2.2. Sustainment of Linguistic Diversity in the Digital World

In order to establish a sustainable policy for safeguarding and promoting linguistic diversity, the digital world cannot be ignored any longer. As Mark Turin aptly says, “in our digital age, the keyboard, screen and web will play a decisive role in shaping the future linguistic diversity of our species” [Turin 2013]. Languages are living entities that need to be used on a daily basis by humans in order to survive.

With so much of our lives happening on the Internet and through digital devices, the digital space represents a context that cannot be ignored. Speakers of major languages can access apparently unlimited amounts of Web content, easily perform searches, interact, communicate through social media and voice-based applications. They can enjoy interactive e-books, have fun with word games for mobiles, engage in multi-player videogames, or take advantage from innovative language learning facilities for other widely spoken languages.

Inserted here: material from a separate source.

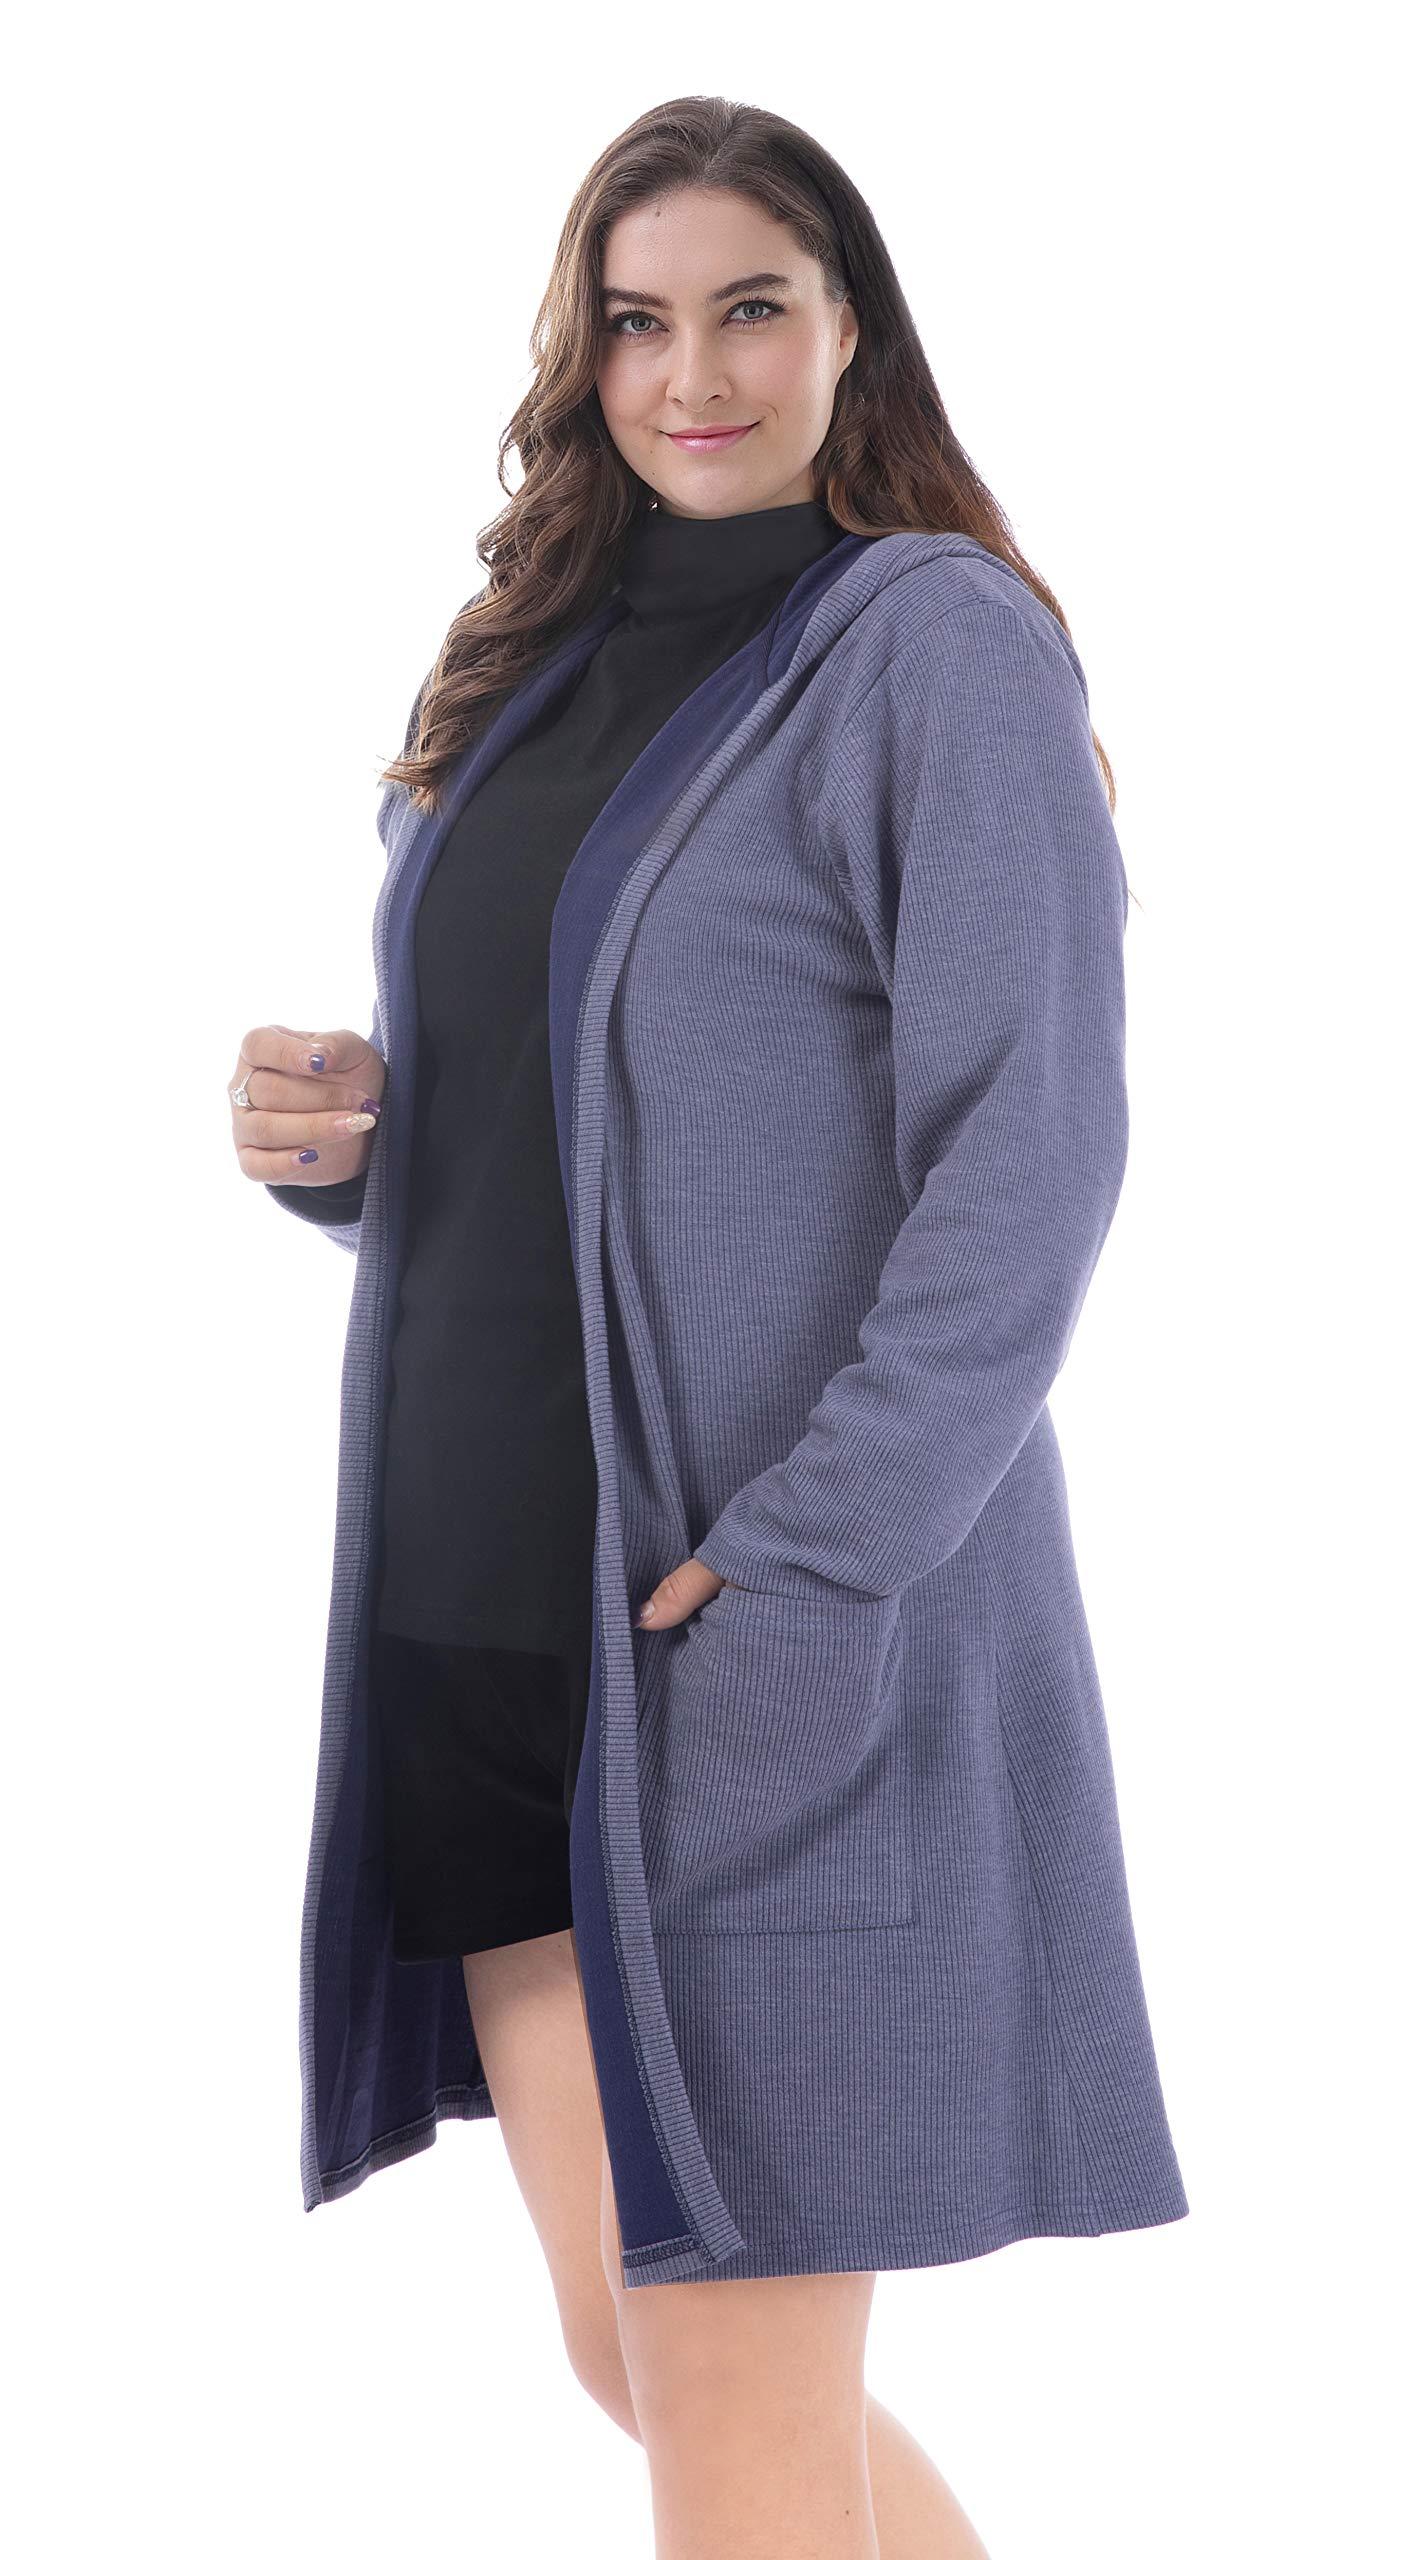 ZERDOCEAN Women's Plus Size Open Front Hoodie Cardigans Knit Outwear with Pockets

On the other hand, speakers of minority languages cannot benefit of any similar facility. So called “smaller” languages do not enjoy the same range of opportunities. Welsh speakers were denied the publication of e-books in Welsh over Amazon’s Kindle platform, because of lack of available Welsh electronic dictionaries. There is no Wikipedia for Mansi; speakers of Saami or Tongva have no localized interface for Facebook, and there is no Google translation for Sardinian, or Igbo, or Frisian. This inequality of digital opportunities further discriminates minority languages, by relegating them once more to the realm of family communication and restricted topics. Minority languages, instead, need to get access to all contexts of life to be perceived as vibrant and fully apt languages. Presence of a language on the Internet is of paramount importance for the impact it has on its speakers, especially the young generation. We must ensure, therefore, that the range of usage opportunities for all languages is increased and enlarged. Multilingualism cannot be truly and effectively enforced if all languages are not put in the conditions to act digitally. Empowering all languages, regional and minority ones in particular, with instruments that put them on a par with more widely spoken languages, is a matter of equal digital opportunities for the speakers of those languages. Digital Language Diversity needs to be sustained.